Getting up from the captain’s chair, the old XO walked over to the sensor console to take a look at whatever had caught the lieutenant’s fancy. The convoy had been traveling for nearly eight hours now, its course taking it around the ice giant Pollux VII and its dense asteroid ring..
“Inside the ring, sir.” Cramer pointed at one specific screen, which showed the output of the ship’s infrared sensors. “I’ve got three blips; pretty small and low-profile but they are getting bigger every second.
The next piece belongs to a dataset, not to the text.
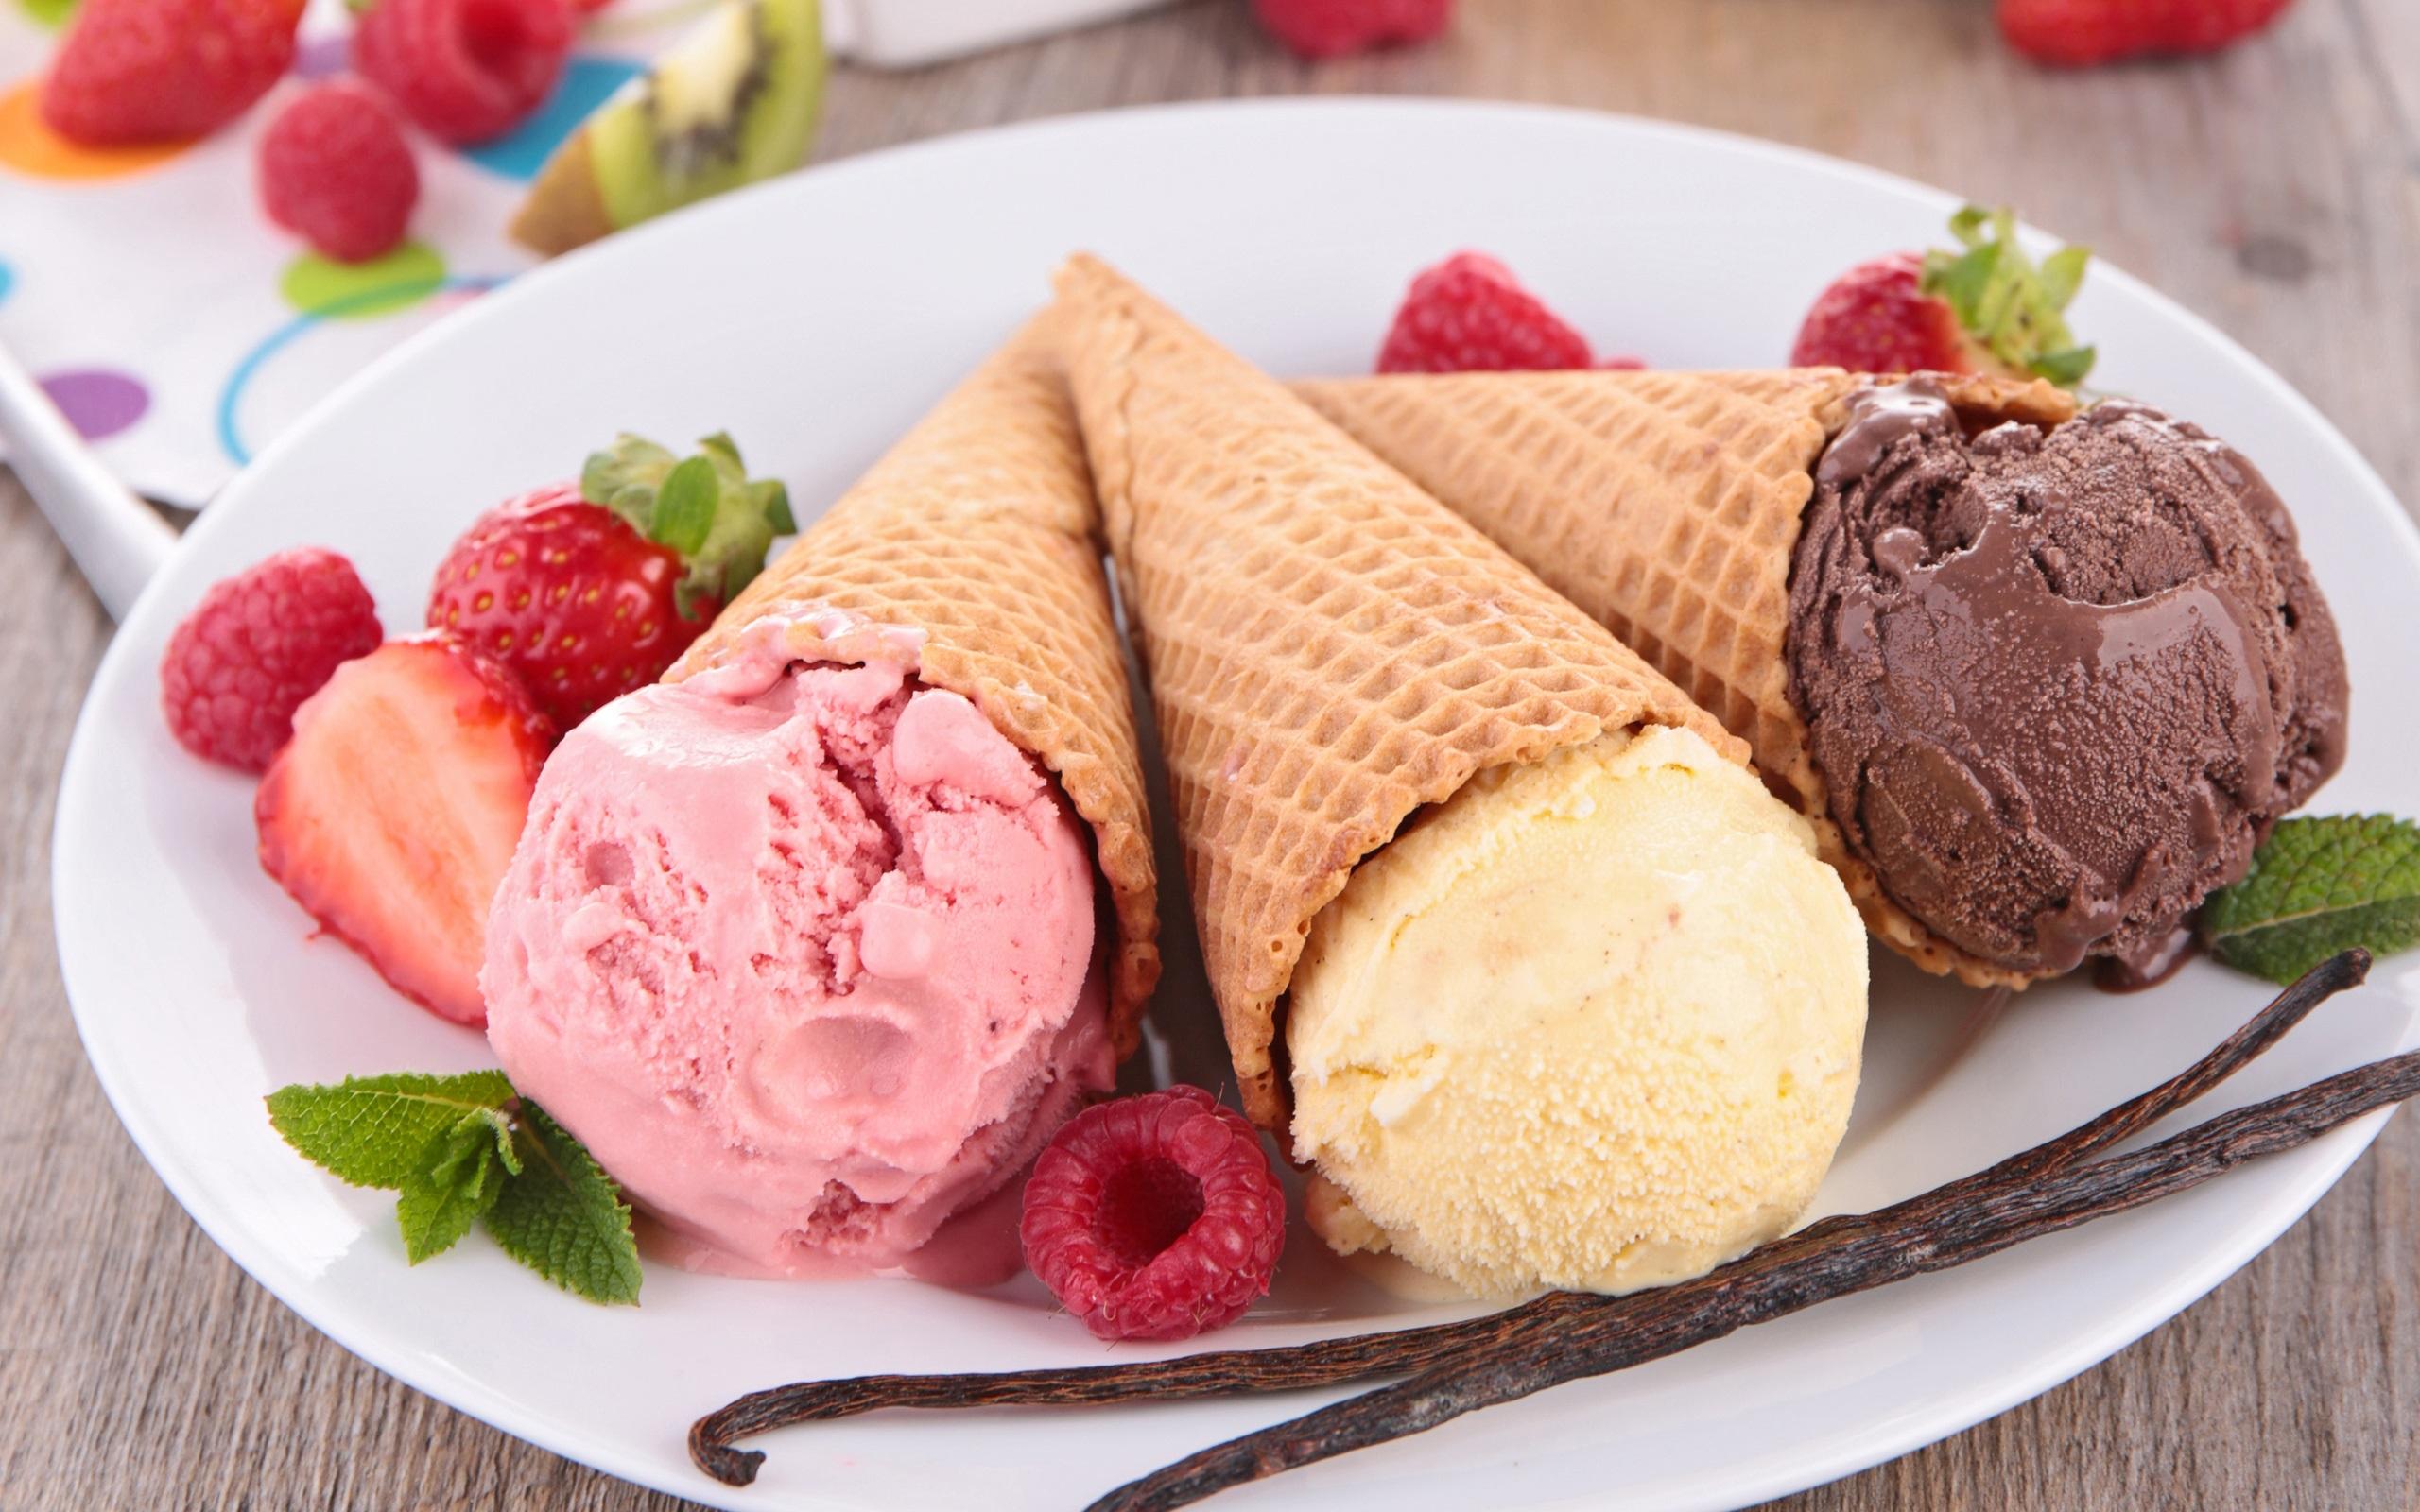 冰淇淋用聚甘油脂肪酸酯

I think they are ships, coming towards us.”
It took only a cursory glance at the sensor readings for Sanders’ eyes to open wide. “Son…I think you’re right. Stars, they are coming right at us! We need to call the—”
“Commander!” The communications officer shouted, a look of utter confusion on her face. “We’re being hailed! All frequencies, radio and laser. It’s coming from the asteroid ring.”
“Send it to my terminal.” Sanders sat back down on his seat, his legs suddenly feeling like they were made of jelly.
His terminal’s main screen lit up, showing a man in a military uniform with a curiously neutral expression. The background was stark gray, and his uniform was laconic in decorations. Three ribbons were stitched above his heart, alongside a name patch.
COMMO A. Houben
“Unknown flotilla, this is Commodore Albin Houben of the Akritan Dynasty Navy. By the authority granted to me by all polities in this system, I hereby order you to turn on your transponder and any other means of identification immediately, as well as your flight plan. Failure to do so will result in you being flagged as a trespasser. This message will be repeated several times and delivered by all accessible means for your convenience.”